[What you need to do]: Your response to the data below should hold nothing except the lines from the one containing "SITRANS LR250 (FOUNDATION FIELDBUS) Operating" down to the one containing "How to measure your blood pressure at home", reproduced exactly and without pictures.

------ Extracted material ------

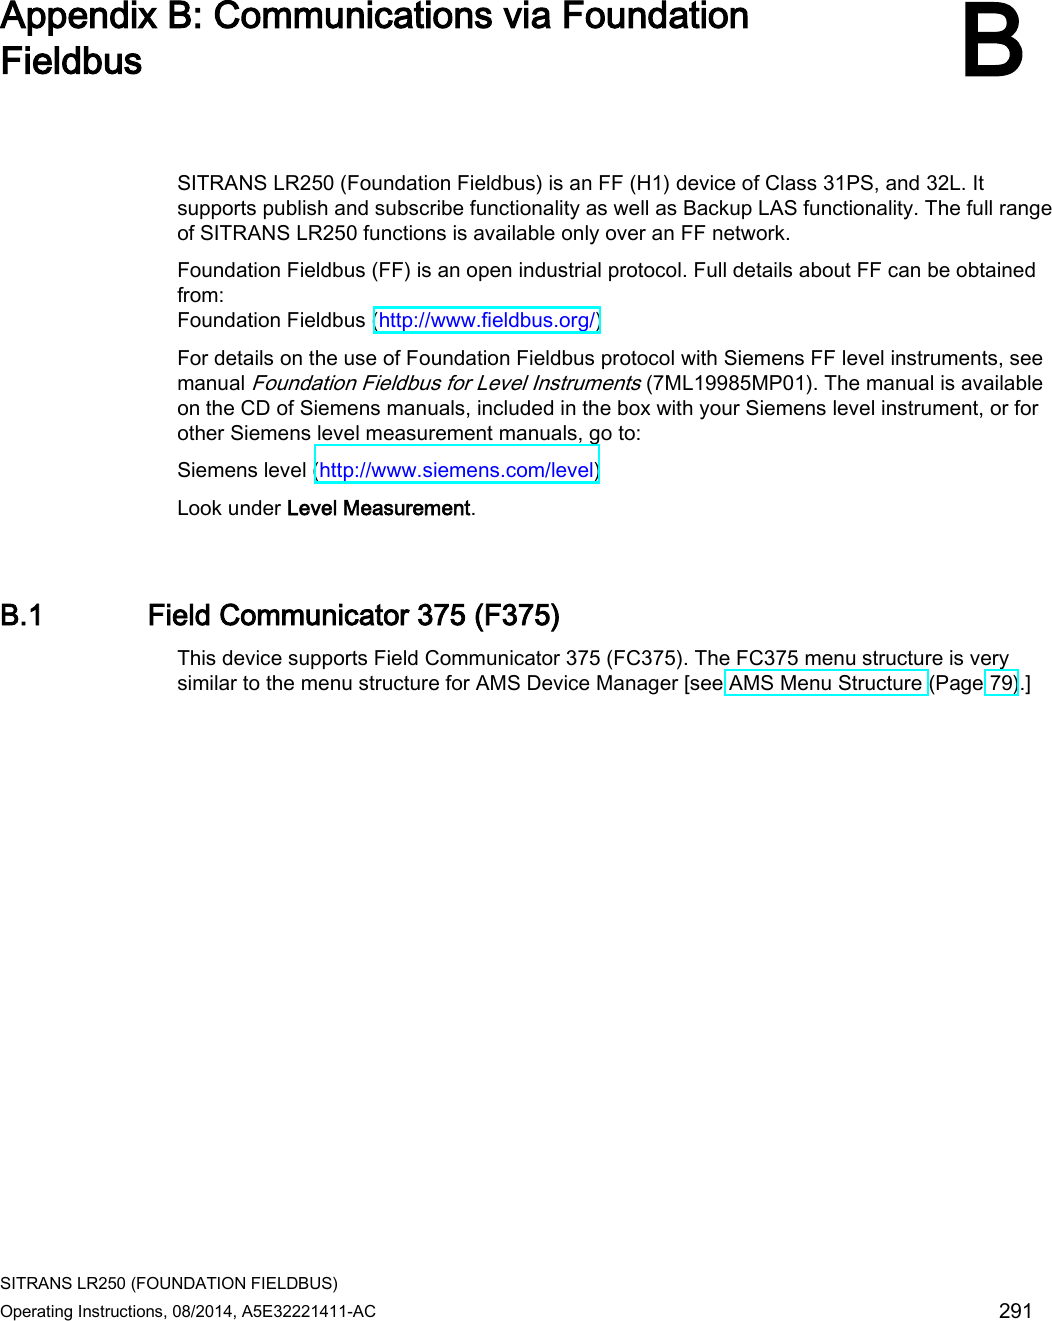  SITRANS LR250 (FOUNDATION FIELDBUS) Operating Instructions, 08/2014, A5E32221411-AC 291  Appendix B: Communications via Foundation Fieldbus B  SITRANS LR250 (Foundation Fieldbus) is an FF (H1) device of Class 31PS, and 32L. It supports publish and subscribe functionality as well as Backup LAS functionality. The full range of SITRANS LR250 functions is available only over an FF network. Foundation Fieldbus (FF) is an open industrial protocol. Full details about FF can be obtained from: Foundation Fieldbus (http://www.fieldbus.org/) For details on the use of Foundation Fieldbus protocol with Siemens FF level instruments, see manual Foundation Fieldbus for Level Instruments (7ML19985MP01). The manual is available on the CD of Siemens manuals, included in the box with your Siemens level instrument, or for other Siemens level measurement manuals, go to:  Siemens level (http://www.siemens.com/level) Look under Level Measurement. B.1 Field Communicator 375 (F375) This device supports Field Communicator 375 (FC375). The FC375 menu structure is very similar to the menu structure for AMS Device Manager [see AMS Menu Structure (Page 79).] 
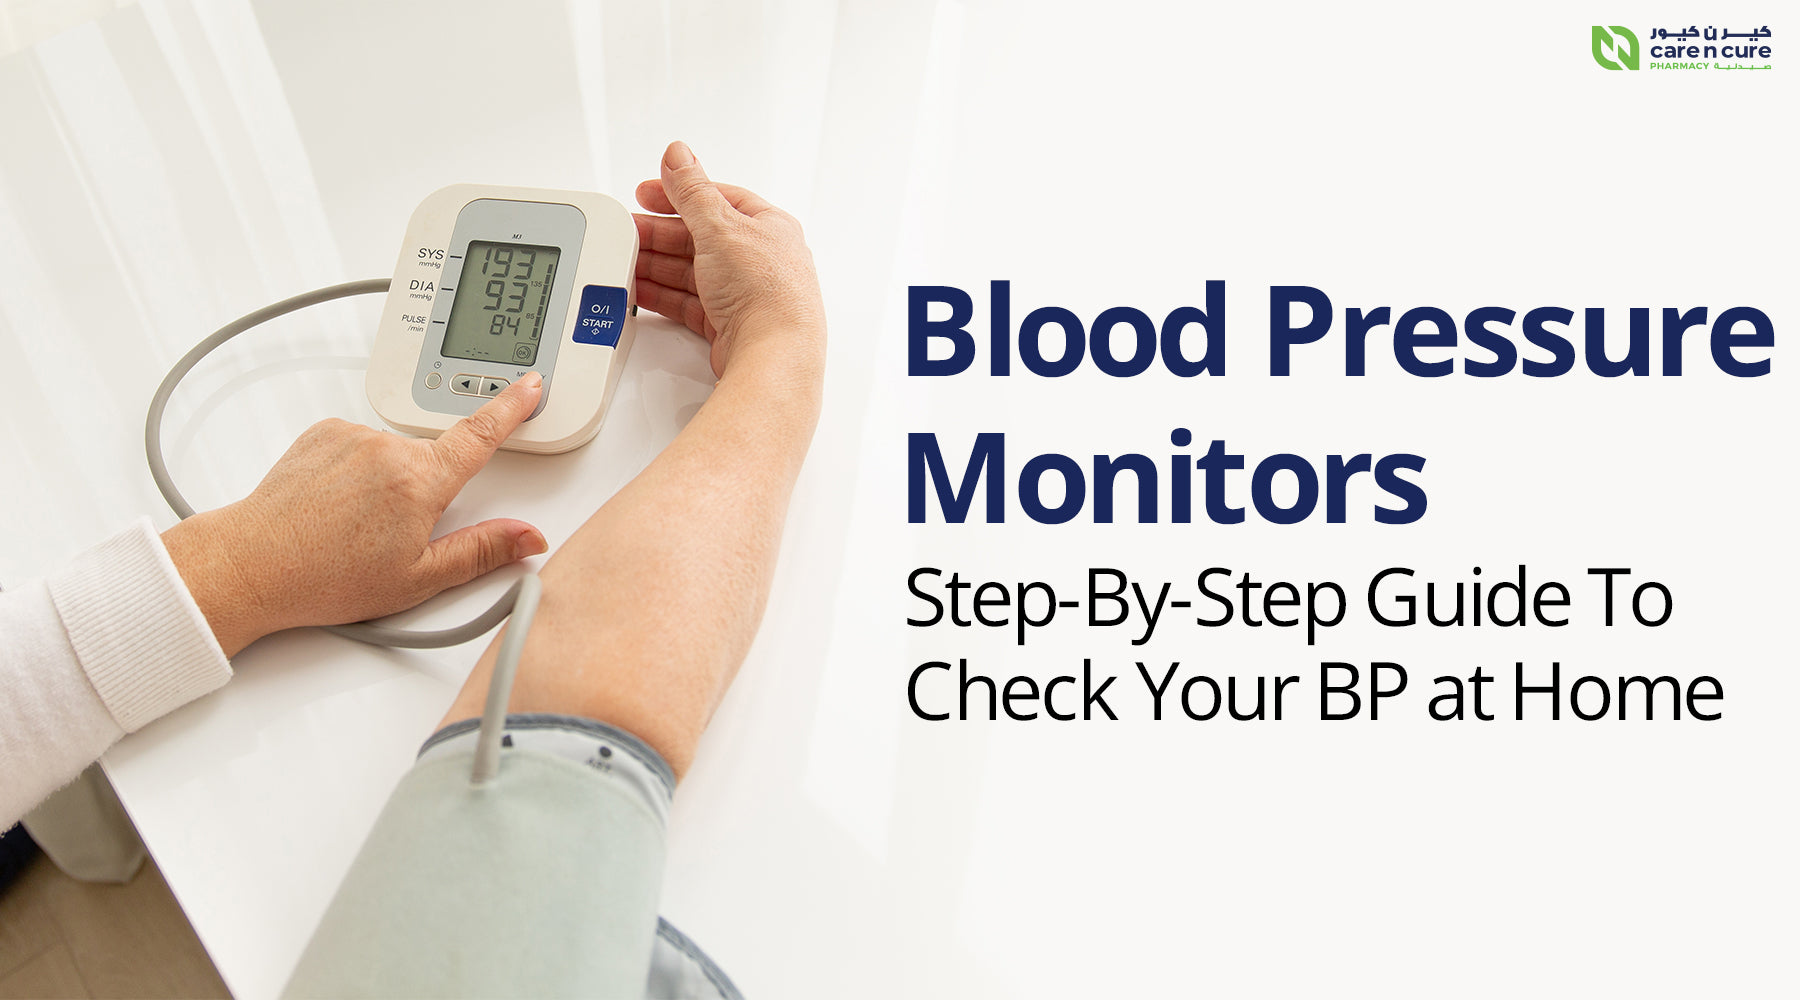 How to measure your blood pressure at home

------
------ Extracted material ------

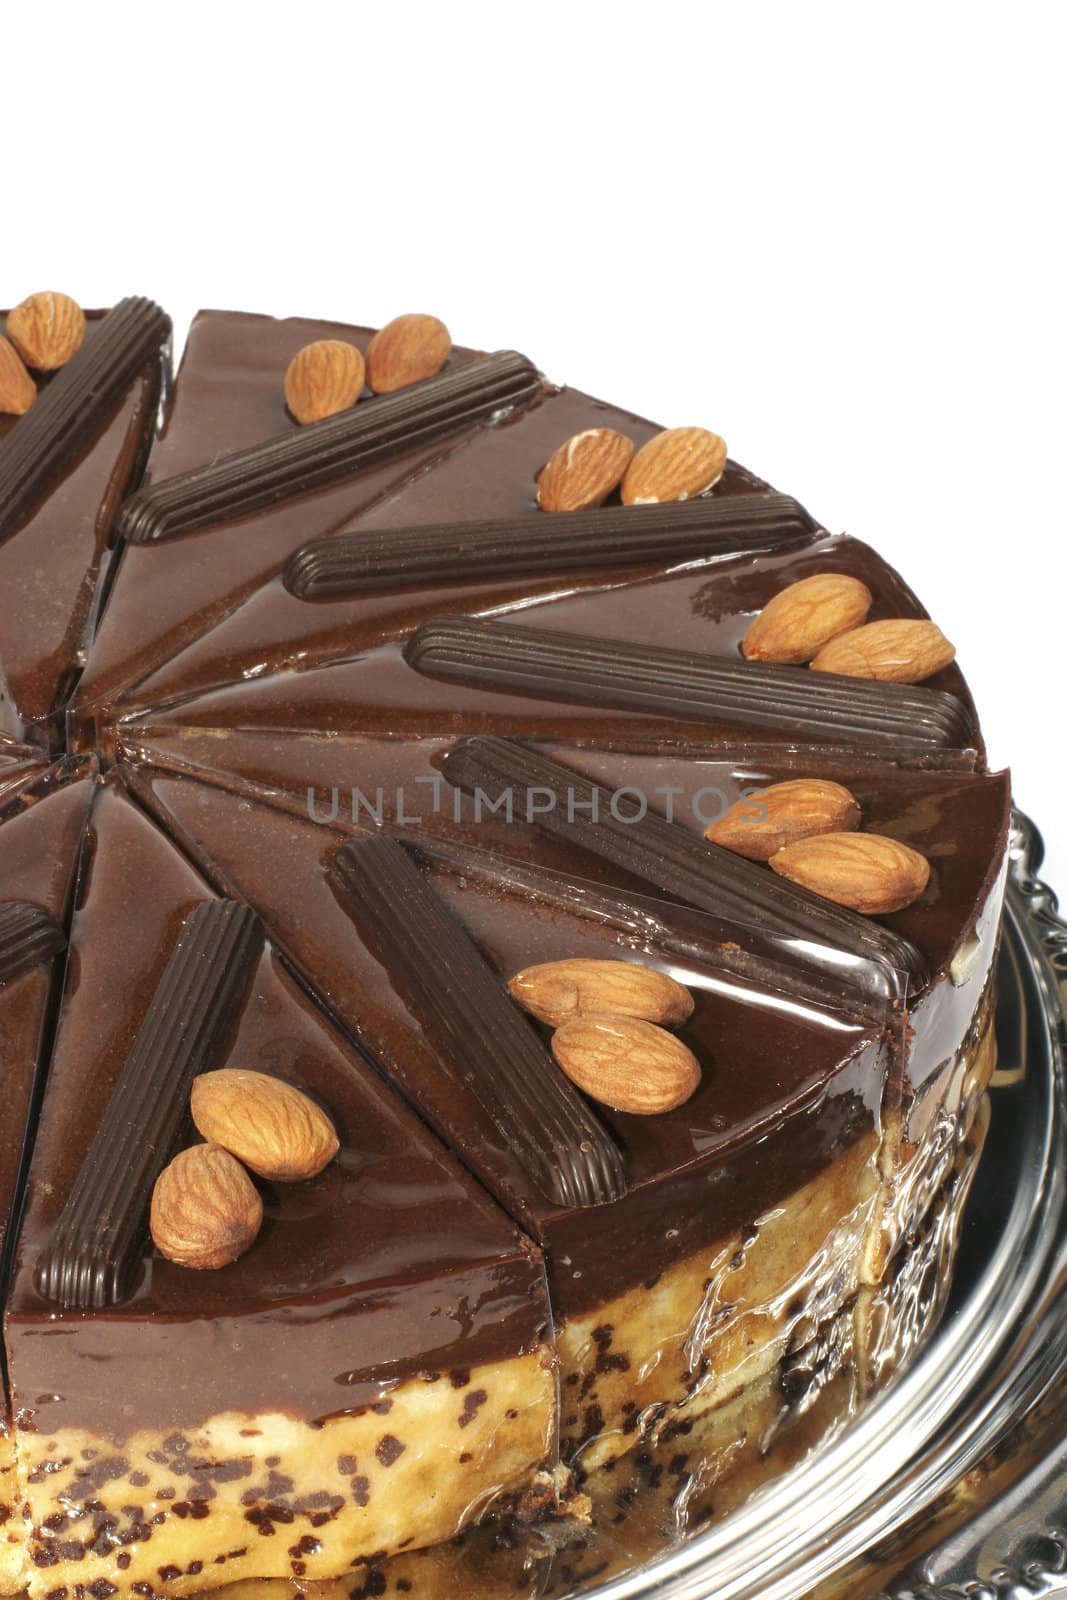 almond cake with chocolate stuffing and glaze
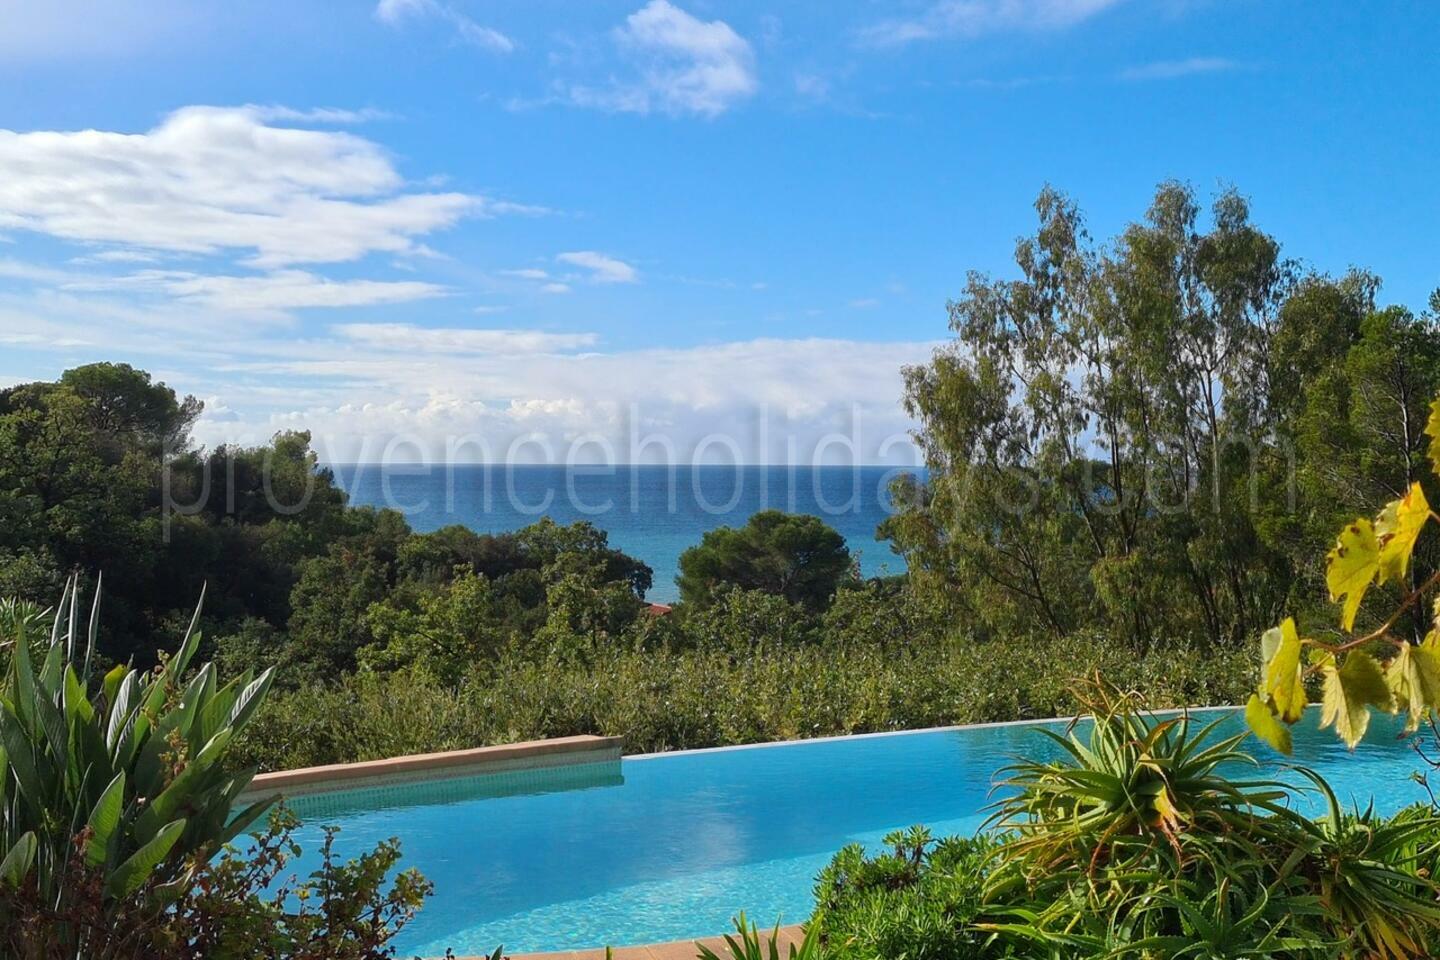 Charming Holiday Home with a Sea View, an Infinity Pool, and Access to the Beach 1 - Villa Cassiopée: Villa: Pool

------

[Worked solution]:
  SITRANS LR250 (FOUNDATION FIELDBUS) Operating Instructions, 08/2014, A5E32221411-AC 291  Appendix B: Communications via Foundation Fieldbus B  SITRANS LR250 (Foundation Fieldbus) is an FF (H1) device of Class 31PS, and 32L. It supports publish and subscribe functionality as well as Backup LAS functionality. The full range of SITRANS LR250 functions is available only over an FF network. Foundation Fieldbus (FF) is an open industrial protocol. Full details about FF can be obtained from: Foundation Fieldbus (http://www.fieldbus.org/) For details on the use of Foundation Fieldbus protocol with Siemens FF level instruments, see manual Foundation Fieldbus for Level Instruments (7ML19985MP01). The manual is available on the CD of Siemens manuals, included in the box with your Siemens level instrument, or for other Siemens level measurement manuals, go to:  Siemens level (http://www.siemens.com/level) Look under Level Measurement. B.1 Field Communicator 375 (F375) This device supports Field Communicator 375 (FC375). The FC375 menu structure is very similar to the menu structure for AMS Device Manager [see AMS Menu Structure (Page 79).] 
 How to measure your blood pressure at home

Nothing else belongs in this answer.